ROBucket is an inexpensive and easily assembled open-source operant chamber based on the Arduino microcontroller platform. The primary advantage of ROBucket over commercially available operant training systems is the low cost. Each ROBucket costs less than US$150, which is 10–20 times cheaper than commercially available operant chambers. Although other homemade, open-source operant chambers have been developed, ROBucket is unique because of its simplicity and versatility (Pineño, 2014). ROBucket was designed to be easily produced by research laboratories and classrooms using almost entirely “off the shelf” parts. The parts list, design files, and detailed protocols for constructing ROBucket are available on the authors’ website. For those familiar with electronics and tools, ROBucket is easily assembled in 90 min, and making multiple chambers simultaneously reduces the per unit construction time.

Furthermore, the ROBucket sketch we provide is easily modified to suit specific experiments or laboratories. Additional features can be added to ROBucket through the array of widely available Arduino-compatible accessories. For example, a motion sensor could provide a measure of the mouse’s total activity during operant training sessions or a TTL-triggered camera could record video while a trial is active. Lastly, other models of the Arduino microcontroller provide more I/O pins and memory (up to 54 pins and 248 KB on the Arduino Mega 2560), allowing complex arrays of sensors and other hardware to be controlled by a single Arduino. Specifically, ROBucket can be redesigned to provide two different liquid outcomes with the addition of another set of nose pokes, a drink well, and delivery system. Or ROBucket can be used for Pavlovian conditioning with the addition of a tone generator or light cue. Because Arduino is an open-source platform, the additional functionality suggested above would not significantly add to the cost of ROBucket.

However, there are some limitations with a do-it-yourself device like ROBucket. The most prominent is the labor costs. Whereas commercially sold operant chambers need a large initial investment of time with little additional effort to set up new experiments, each ROBucket chamber requires construction time and some knowledge of electronics. Making a ROBucket requires some specialized equipment, such as soldering tools, which may not be found in all laboratories. Additionally, although the ROBucket sketch can be modified, commercial operant chambers may be easier to program with complex training paradigms.

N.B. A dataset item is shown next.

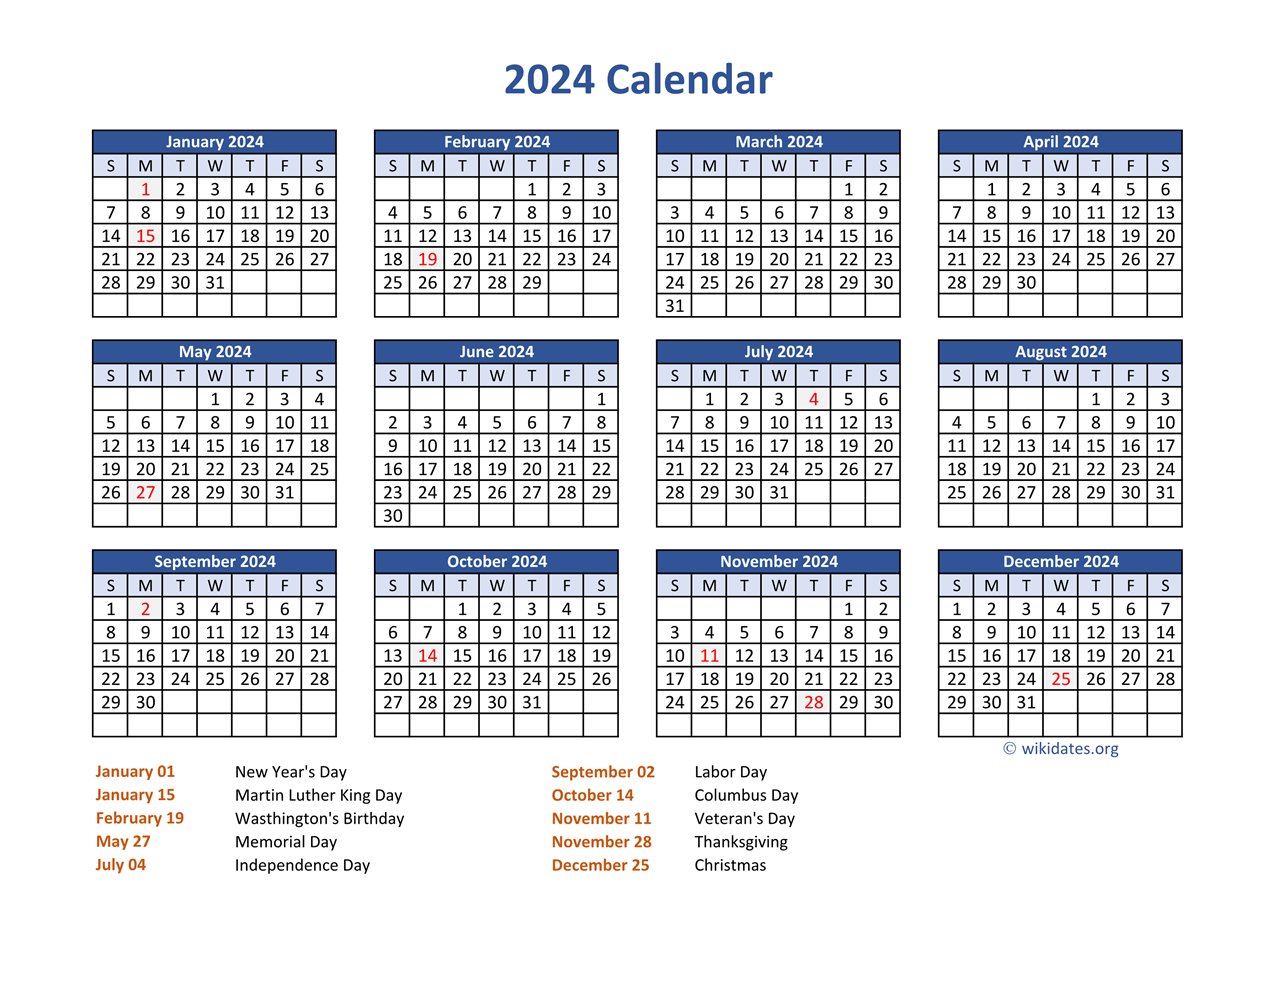 Pdf Calendar 2024 With Federal Holidays | Wikidates for Free Printable 2024-2024 Calendar

Another limitation of ROBucket is the reliability of the electronic parts and the variability between buckets. Because the parts used to build ROBucket are inexpensive, certain components can have inconsistent performance. For example, although the ROBucket code specifies that the solenoid should open for 75 ms, solenoids may vary in the amount of sucrose they dispense during that time. In our experience, the amount of sucrose delivered by the solenoids can vary by 20–30 μL, and the amount delivered by the same solenoid may vary by 10 μL. To reduce variability between buckets, users can calibrate each solenoid delivery system by changing the amount of time each solenoid is open. This calibration only requires changing the value of a single variable in the programming code. We recommend testing each ROBucket after it is made and periodically during training to avoid issues with reliability. If a particular experiment requires greater precision, users can purchase more expensive solenoids, which will have more consistent performance.

In summary, we believe there is a role for inexpensive, user-constructed ROBuckets in research projects that require a low price per chamber, or in educational settings in which the construction itself may be an asset for introducing students to electronics as well as animal behavior training.